Аннотация: Первая публикация (в 1997 году) романа Анатолия Наймана «Б.Б. и др.» вызвала если не скандальную, то довольно неоднозначную реакцию культурного бомонда. Кто-то определял себя прототипом главного героя (обозначенного в романс, как Б.Б.), кто-то узнавал себя в прочих персонажах, но и в первом п во втором случаях обстоятельства и контексты происходящего были не слишком лестны и приличны…

Книга добавлена:
22-12-2022, 13:33
0
269
60
Б.Б. и др.

Читать книгу "Б.Б. и др."



* * *

«Глядел по-собачьи», «немыслимо оскорбительные вещи» сносил… Про живого, да еще близко знаемого тобой человека неприятно так говорить, нехорошо. Про мертвого — тем более; а ведь будет и мертвым. Что ж он, вовсе не испытывал самоуважения, элементарной гордости, что позволял себя так унижать? Или, напротив, до такой степени смирялся? Или, наоборот, так был высокомерен, что на унижение плевал? Конечно, его несчастные запутанные отношения с миром чувств давали какую-то анестезию, притупляли боль от обид. Когда нет четкого представления, не говоря уже уверенности, твое это твое свойство или прижитое от прохожего молодца, иначе сказать: какое оно на самом-то деле, — то чувство этого качества тем паче под вопросом, тем паче нереально. Но ведь шел он на то, чтобы терпеть — от нас, улыбался болезненно — Бродскому, а мы-то были в то время полнейшие никто и ничто. И «навар», который он, как я походя в него пальнул, с нас получал, вид навара имел для него одного. И даже если он делал так с прицелом на будущее, то это был только доморощенный прицел, а никак не провидение змеиным взглядом пифии, и ни из чего не следовало, что это будущее принесет навар, который и другими будет признан за таковой.

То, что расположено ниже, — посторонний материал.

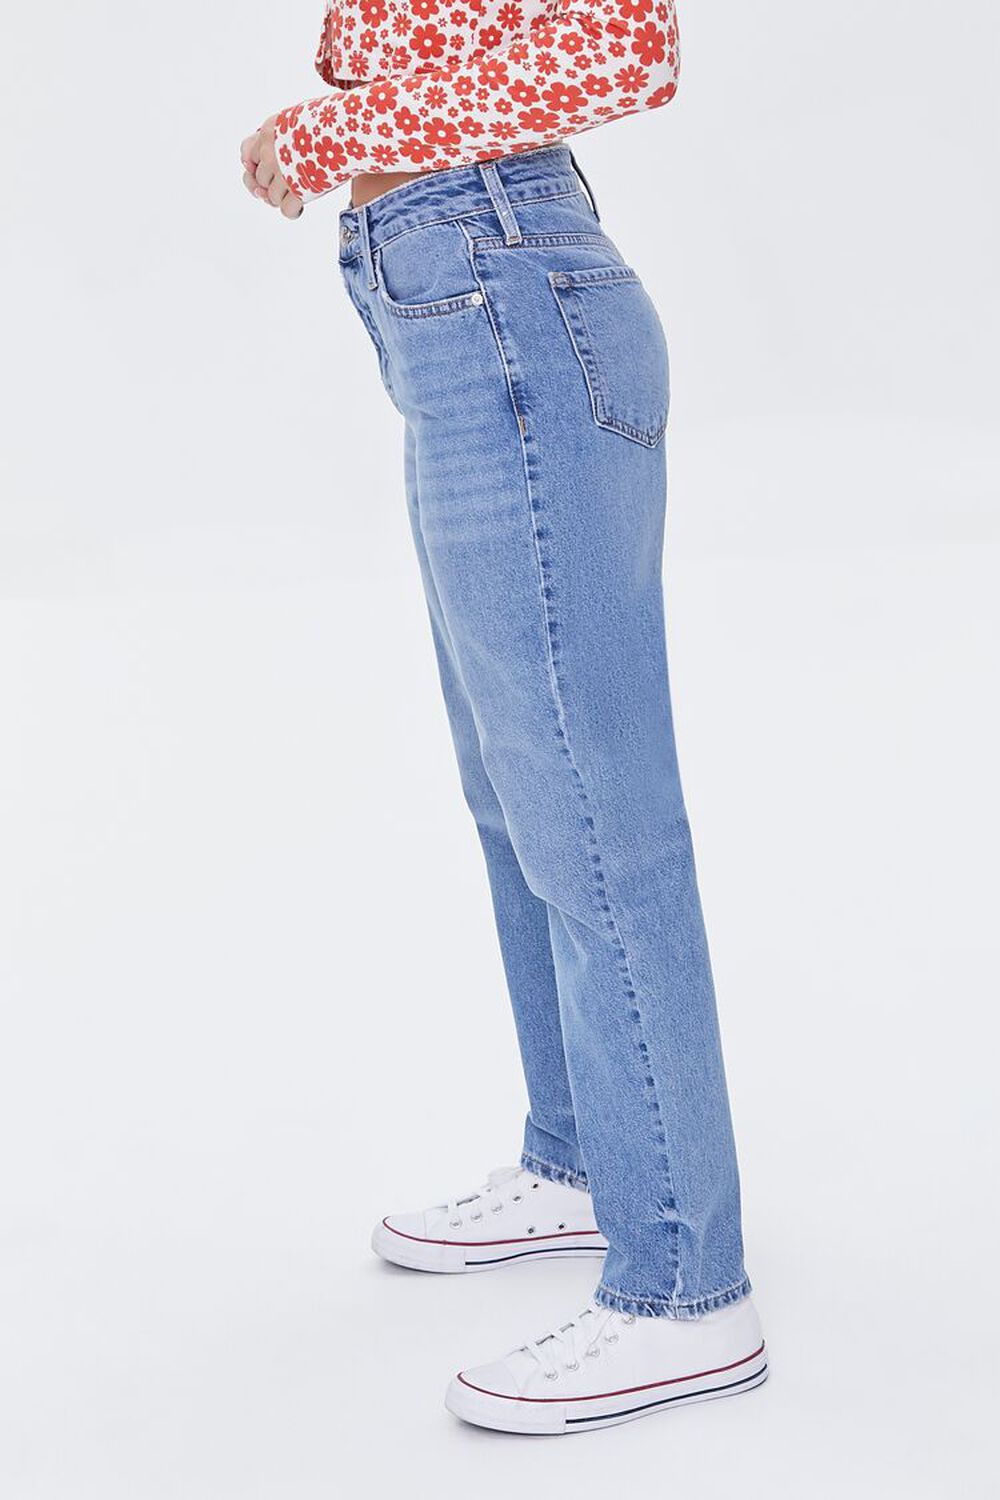 MEDIUM DENIM Recycled Cotton High-Rise Mom Jeans, image 3

Уже в недавние годы я слышал от старых знакомых, правда, преимущественно отдам, что, например, Бродский еще тогда — или уже тогда, не знаю, как сказать лучше, — был красавец, «самый красивый из всех встреченных мною в жизни мужчин». Защита — или обвинение, не знаю, как лучше сказать, — располагает другими свидетельствами. Да Горбовский — я имею в виду физическую красоту — был рядом с ним, как Есенин рядом с Ремизовым! Да Нина Королева была признаннее Рейна больше, чем Бальмонт Крученыха! Да что любой из лито Горного института перспективнее нас, вместе взятых, было оттиснуто на сколах древнейших тектонических пород! Да сам умнейший и честнейший Глеб Семенов попер нас из этого перспективного лито после первого нашего туда визита!

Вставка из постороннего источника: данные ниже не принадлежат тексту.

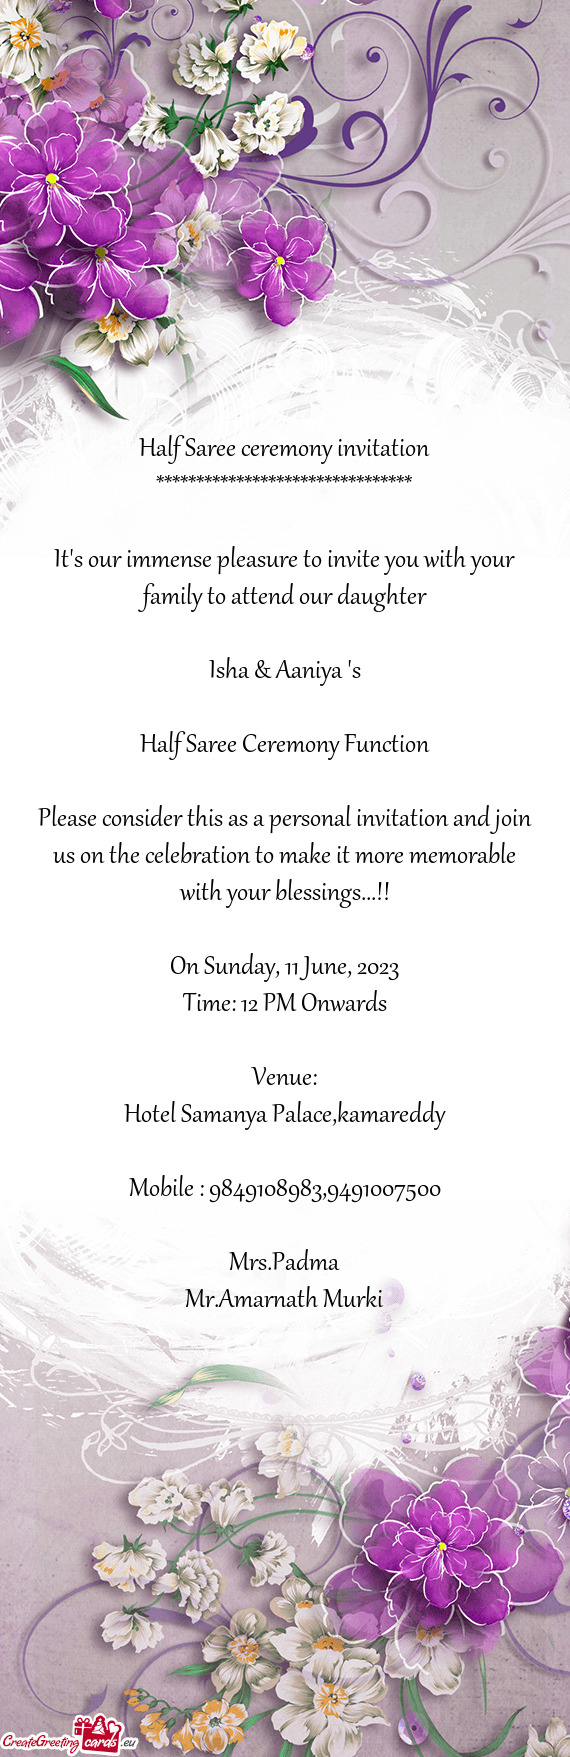 Half Saree Ceremony Function

И правильно сделал — потому что мы были тогда хуже, чем никто и ничто', у нас не было перспектив, абсолютно не было. А ведь были еще и еще ярусы достижений, признания и успешной будущности, ведь у горного лито билеты были лишь в средние ряды амфитеатра, а впереди была и Москва фрондирующая, и устоявшаяся, и преимущества принадлежать к тем и этим были самоочевидны. Однако же «влеченье, род недуга» Б.Б. испытывал почему-то как раз к нашим сиятельным нулям и минус-единицам.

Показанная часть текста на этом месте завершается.